▶ [Description of the task]: Type out all the records again exactly.

▶ [Data section]:
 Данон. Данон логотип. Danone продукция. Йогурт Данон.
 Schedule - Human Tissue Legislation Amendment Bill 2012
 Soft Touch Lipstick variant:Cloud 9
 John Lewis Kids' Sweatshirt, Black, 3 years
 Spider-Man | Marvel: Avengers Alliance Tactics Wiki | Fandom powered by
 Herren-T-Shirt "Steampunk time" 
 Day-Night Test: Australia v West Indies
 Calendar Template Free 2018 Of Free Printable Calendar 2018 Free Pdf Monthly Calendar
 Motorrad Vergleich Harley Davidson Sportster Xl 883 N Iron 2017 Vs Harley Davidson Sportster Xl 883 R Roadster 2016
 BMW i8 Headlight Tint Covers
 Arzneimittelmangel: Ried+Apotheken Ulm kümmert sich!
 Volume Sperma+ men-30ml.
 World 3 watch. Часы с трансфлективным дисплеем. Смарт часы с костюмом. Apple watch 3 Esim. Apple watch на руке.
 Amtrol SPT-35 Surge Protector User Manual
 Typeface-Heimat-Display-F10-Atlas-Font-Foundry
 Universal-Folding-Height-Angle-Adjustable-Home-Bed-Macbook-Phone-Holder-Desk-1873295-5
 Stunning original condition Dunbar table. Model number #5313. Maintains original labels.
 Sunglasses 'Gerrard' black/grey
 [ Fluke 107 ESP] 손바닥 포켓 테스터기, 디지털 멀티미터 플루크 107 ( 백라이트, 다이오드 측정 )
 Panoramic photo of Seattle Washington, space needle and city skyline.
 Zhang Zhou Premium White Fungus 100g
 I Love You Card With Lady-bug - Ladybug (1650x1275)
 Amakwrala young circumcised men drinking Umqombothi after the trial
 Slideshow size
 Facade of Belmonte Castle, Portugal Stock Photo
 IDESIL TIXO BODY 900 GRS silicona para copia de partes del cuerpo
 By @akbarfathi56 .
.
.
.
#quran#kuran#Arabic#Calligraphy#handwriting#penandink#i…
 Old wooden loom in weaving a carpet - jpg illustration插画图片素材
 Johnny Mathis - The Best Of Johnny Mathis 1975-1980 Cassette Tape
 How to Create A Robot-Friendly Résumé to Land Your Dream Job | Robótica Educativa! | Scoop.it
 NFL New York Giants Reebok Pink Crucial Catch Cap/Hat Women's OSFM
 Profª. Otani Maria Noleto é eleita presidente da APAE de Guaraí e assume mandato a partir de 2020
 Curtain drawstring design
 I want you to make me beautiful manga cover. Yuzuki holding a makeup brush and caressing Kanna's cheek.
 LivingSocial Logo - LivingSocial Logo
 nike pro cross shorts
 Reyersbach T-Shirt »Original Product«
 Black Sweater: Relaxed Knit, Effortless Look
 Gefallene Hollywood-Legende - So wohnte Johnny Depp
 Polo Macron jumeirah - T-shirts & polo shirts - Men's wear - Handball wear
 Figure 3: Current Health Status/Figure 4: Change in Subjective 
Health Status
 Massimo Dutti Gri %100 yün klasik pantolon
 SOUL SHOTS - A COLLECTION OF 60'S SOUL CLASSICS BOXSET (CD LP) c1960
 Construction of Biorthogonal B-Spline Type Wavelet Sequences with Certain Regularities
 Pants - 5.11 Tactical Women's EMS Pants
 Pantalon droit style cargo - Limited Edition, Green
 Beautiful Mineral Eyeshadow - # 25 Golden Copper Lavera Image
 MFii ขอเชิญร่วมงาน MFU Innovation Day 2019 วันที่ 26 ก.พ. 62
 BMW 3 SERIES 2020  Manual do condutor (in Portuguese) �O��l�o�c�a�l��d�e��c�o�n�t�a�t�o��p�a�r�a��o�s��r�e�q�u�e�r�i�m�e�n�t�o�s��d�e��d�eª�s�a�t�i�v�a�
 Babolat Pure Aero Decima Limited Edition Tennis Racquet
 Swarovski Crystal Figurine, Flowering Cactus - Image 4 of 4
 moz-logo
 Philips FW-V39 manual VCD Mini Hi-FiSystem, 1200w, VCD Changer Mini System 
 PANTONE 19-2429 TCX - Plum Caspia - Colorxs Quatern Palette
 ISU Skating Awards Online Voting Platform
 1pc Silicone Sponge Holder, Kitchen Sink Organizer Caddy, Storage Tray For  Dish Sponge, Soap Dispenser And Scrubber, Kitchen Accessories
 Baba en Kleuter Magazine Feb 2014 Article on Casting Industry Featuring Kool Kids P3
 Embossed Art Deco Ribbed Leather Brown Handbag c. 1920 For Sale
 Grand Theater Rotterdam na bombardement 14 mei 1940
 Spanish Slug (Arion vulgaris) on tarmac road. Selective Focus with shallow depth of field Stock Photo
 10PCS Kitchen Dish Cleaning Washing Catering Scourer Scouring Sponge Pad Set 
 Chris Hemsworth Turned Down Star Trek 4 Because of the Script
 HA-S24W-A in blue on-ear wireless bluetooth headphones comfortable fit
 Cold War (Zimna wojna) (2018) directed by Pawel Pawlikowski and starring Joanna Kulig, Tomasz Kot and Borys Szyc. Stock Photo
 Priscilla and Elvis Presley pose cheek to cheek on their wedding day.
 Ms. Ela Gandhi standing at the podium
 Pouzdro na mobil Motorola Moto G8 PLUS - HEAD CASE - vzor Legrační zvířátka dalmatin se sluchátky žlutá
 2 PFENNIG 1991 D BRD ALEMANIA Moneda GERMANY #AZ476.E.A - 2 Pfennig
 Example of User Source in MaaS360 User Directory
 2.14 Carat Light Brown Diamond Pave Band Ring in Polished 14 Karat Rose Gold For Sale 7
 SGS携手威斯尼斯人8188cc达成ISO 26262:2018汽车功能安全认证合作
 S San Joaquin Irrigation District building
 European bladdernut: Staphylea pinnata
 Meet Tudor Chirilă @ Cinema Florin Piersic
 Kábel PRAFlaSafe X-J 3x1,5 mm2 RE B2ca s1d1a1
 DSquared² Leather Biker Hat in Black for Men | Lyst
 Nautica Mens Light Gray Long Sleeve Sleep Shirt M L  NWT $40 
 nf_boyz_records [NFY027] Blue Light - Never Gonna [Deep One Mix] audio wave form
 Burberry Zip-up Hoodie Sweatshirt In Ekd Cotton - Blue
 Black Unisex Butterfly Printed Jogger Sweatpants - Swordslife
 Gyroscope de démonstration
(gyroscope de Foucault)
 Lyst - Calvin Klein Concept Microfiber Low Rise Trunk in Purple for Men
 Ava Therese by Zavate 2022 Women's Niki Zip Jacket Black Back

▶ [Answer to the exercise]:
 Данон. Данон логотип. Danone продукция. Йогурт Данон.
 Schedule - Human Tissue Legislation Amendment Bill 2012
 Soft Touch Lipstick variant:Cloud 9
 John Lewis Kids' Sweatshirt, Black, 3 years
 Spider-Man | Marvel: Avengers Alliance Tactics Wiki | Fandom powered by
 Herren-T-Shirt "Steampunk time" 
 Day-Night Test: Australia v West Indies
 Calendar Template Free 2018 Of Free Printable Calendar 2018 Free Pdf Monthly Calendar
 Motorrad Vergleich Harley Davidson Sportster Xl 883 N Iron 2017 Vs Harley Davidson Sportster Xl 883 R Roadster 2016
 BMW i8 Headlight Tint Covers
 Arzneimittelmangel: Ried+Apotheken Ulm kümmert sich!
 Volume Sperma+ men-30ml.
 World 3 watch. Часы с трансфлективным дисплеем. Смарт часы с костюмом. Apple watch 3 Esim. Apple watch на руке.
 Amtrol SPT-35 Surge Protector User Manual
 Typeface-Heimat-Display-F10-Atlas-Font-Foundry
 Universal-Folding-Height-Angle-Adjustable-Home-Bed-Macbook-Phone-Holder-Desk-1873295-5
 Stunning original condition Dunbar table. Model number #5313. Maintains original labels.
 Sunglasses 'Gerrard' black/grey
 [ Fluke 107 ESP] 손바닥 포켓 테스터기, 디지털 멀티미터 플루크 107 ( 백라이트, 다이오드 측정 )
 Panoramic photo of Seattle Washington, space needle and city skyline.
 Zhang Zhou Premium White Fungus 100g
 I Love You Card With Lady-bug - Ladybug (1650x1275)
 Amakwrala young circumcised men drinking Umqombothi after the trial
 Slideshow size
 Facade of Belmonte Castle, Portugal Stock Photo
 IDESIL TIXO BODY 900 GRS silicona para copia de partes del cuerpo
 By @akbarfathi56 .
.
.
.
#quran#kuran#Arabic#Calligraphy#handwriting#penandink#i…
 Old wooden loom in weaving a carpet - jpg illustration插画图片素材
 Johnny Mathis - The Best Of Johnny Mathis 1975-1980 Cassette Tape
 How to Create A Robot-Friendly Résumé to Land Your Dream Job | Robótica Educativa! | Scoop.it
 NFL New York Giants Reebok Pink Crucial Catch Cap/Hat Women's OSFM
 Profª. Otani Maria Noleto é eleita presidente da APAE de Guaraí e assume mandato a partir de 2020
 Curtain drawstring design
 I want you to make me beautiful manga cover. Yuzuki holding a makeup brush and caressing Kanna's cheek.
 LivingSocial Logo - LivingSocial Logo
 nike pro cross shorts
 Reyersbach T-Shirt »Original Product«
 Black Sweater: Relaxed Knit, Effortless Look
 Gefallene Hollywood-Legende - So wohnte Johnny Depp
 Polo Macron jumeirah - T-shirts & polo shirts - Men's wear - Handball wear
 Figure 3: Current Health Status/Figure 4: Change in Subjective 
Health Status
 Massimo Dutti Gri %100 yün klasik pantolon
 SOUL SHOTS - A COLLECTION OF 60'S SOUL CLASSICS BOXSET (CD LP) c1960
 Construction of Biorthogonal B-Spline Type Wavelet Sequences with Certain Regularities
 Pants - 5.11 Tactical Women's EMS Pants
 Pantalon droit style cargo - Limited Edition, Green
 Beautiful Mineral Eyeshadow - # 25 Golden Copper Lavera Image
 MFii ขอเชิญร่วมงาน MFU Innovation Day 2019 วันที่ 26 ก.พ. 62
 BMW 3 SERIES 2020  Manual do condutor (in Portuguese) �O��l�o�c�a�l��d�e��c�o�n�t�a�t�o��p�a�r�a��o�s��r�e�q�u�e�r�i�m�e�n�t�o�s��d�e��d�eª�s�a�t�i�v�a�
 Babolat Pure Aero Decima Limited Edition Tennis Racquet
 Swarovski Crystal Figurine, Flowering Cactus - Image 4 of 4
 moz-logo
 Philips FW-V39 manual VCD Mini Hi-FiSystem, 1200w, VCD Changer Mini System 
 PANTONE 19-2429 TCX - Plum Caspia - Colorxs Quatern Palette
 ISU Skating Awards Online Voting Platform
 1pc Silicone Sponge Holder, Kitchen Sink Organizer Caddy, Storage Tray For  Dish Sponge, Soap Dispenser And Scrubber, Kitchen Accessories
 Baba en Kleuter Magazine Feb 2014 Article on Casting Industry Featuring Kool Kids P3
 Embossed Art Deco Ribbed Leather Brown Handbag c. 1920 For Sale
 Grand Theater Rotterdam na bombardement 14 mei 1940
 Spanish Slug (Arion vulgaris) on tarmac road. Selective Focus with shallow depth of field Stock Photo
 10PCS Kitchen Dish Cleaning Washing Catering Scourer Scouring Sponge Pad Set 
 Chris Hemsworth Turned Down Star Trek 4 Because of the Script
 HA-S24W-A in blue on-ear wireless bluetooth headphones comfortable fit
 Cold War (Zimna wojna) (2018) directed by Pawel Pawlikowski and starring Joanna Kulig, Tomasz Kot and Borys Szyc. Stock Photo
 Priscilla and Elvis Presley pose cheek to cheek on their wedding day.
 Ms. Ela Gandhi standing at the podium
 Pouzdro na mobil Motorola Moto G8 PLUS - HEAD CASE - vzor Legrační zvířátka dalmatin se sluchátky žlutá
 2 PFENNIG 1991 D BRD ALEMANIA Moneda GERMANY #AZ476.E.A - 2 Pfennig
 Example of User Source in MaaS360 User Directory
 2.14 Carat Light Brown Diamond Pave Band Ring in Polished 14 Karat Rose Gold For Sale 7
 SGS携手威斯尼斯人8188cc达成ISO 26262:2018汽车功能安全认证合作
 S San Joaquin Irrigation District building
 European bladdernut: Staphylea pinnata
 Meet Tudor Chirilă @ Cinema Florin Piersic
 Kábel PRAFlaSafe X-J 3x1,5 mm2 RE B2ca s1d1a1
 DSquared² Leather Biker Hat in Black for Men | Lyst
 Nautica Mens Light Gray Long Sleeve Sleep Shirt M L  NWT $40 
 nf_boyz_records [NFY027] Blue Light - Never Gonna [Deep One Mix] audio wave form
 Burberry Zip-up Hoodie Sweatshirt In Ekd Cotton - Blue
 Black Unisex Butterfly Printed Jogger Sweatpants - Swordslife
 Gyroscope de démonstration
(gyroscope de Foucault)
 Lyst - Calvin Klein Concept Microfiber Low Rise Trunk in Purple for Men
 Ava Therese by Zavate 2022 Women's Niki Zip Jacket Black Back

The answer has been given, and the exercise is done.